Trevor Blake: Two Articles from All Africa

10 October 2007 » christianity, magick, trevorblake

Edwin Nuwagaba: “Documentary On ‘False’ Pastors is Out.”

Like the saying, “old habits die hard,” there is tension brewing in church over pastors who were once witch doctors but declared that they had got saved and began churches. Cross sections in church believe that it is these ‘witch doctors’ that are responsible for the current crisis in the born again churches. Top stories of ‘men of God’ using charms and electric gadgets to perform miracles, sodomy, raping girls and snatching wives and husbands of members of their flock, have of recent dominated front pages in newspapers, tainting the image of born again churches.

Hussein Bogere: “I Helped Top Pastor Con Aids Patients.”

A prominent female Kampala pastor bribed and blackmailed worshippers to fake health ailments as serious as HIV/Aids so that she could then claim to have healed them, a parishioner alleged in a recent interview. The same pastor is being accused of using spies to learn secrets about members of her congregation and then using that information to extort funds- allegations that threaten to further discredit Ugandan pastors, several of whom have come under fire in recent months for dishonesty and improper use of funds.
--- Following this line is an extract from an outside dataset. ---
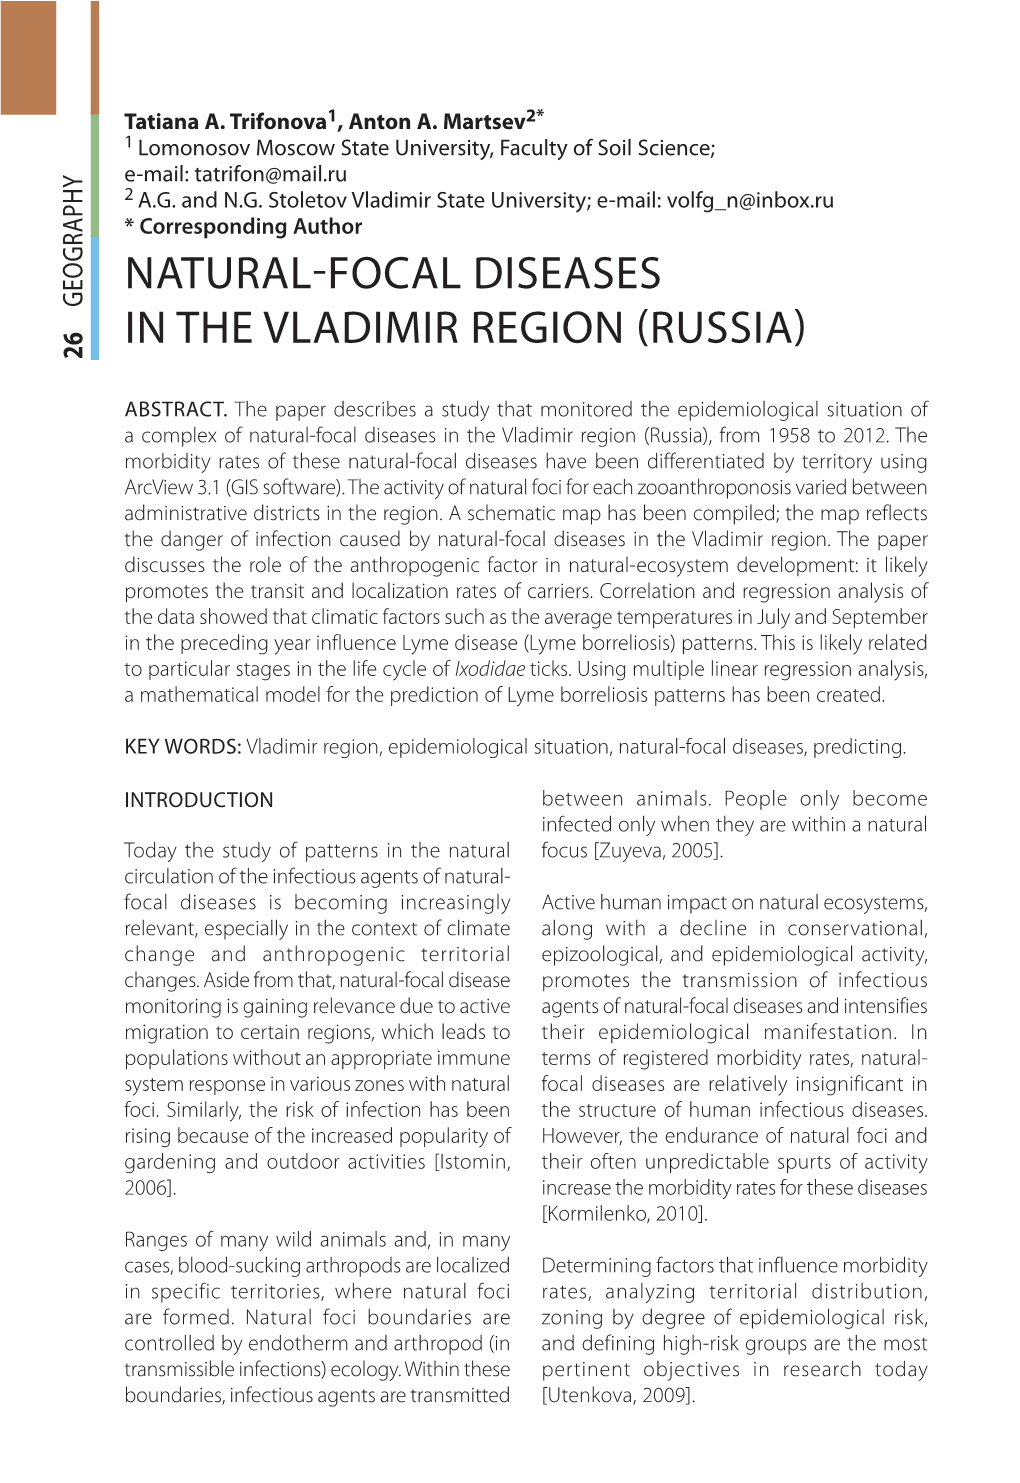 NATURAL-FOCAL DISEASES in the VLADIMIR REGION (RUSSIA) and ( Field Mice( and the Vladimir Region Isinatemperate Abundance Ofwetlands Andlakes

Articles continue at link. Replacing witch doctors with Christians is not going to help the situation. The answer is not to replace an old superstition with a new one. The answer is to educate people regarding the fact that none of these superstitions are worth keeping around, that science alone offers the means to treat disease, that morals are independent of superstition, that training people to believe obvious falsehoods softens their minds for unscrupulous uses. I’d rather see aid going to a group like the Ugandan Humanist Association than any religious group. There’s certainly a need for it.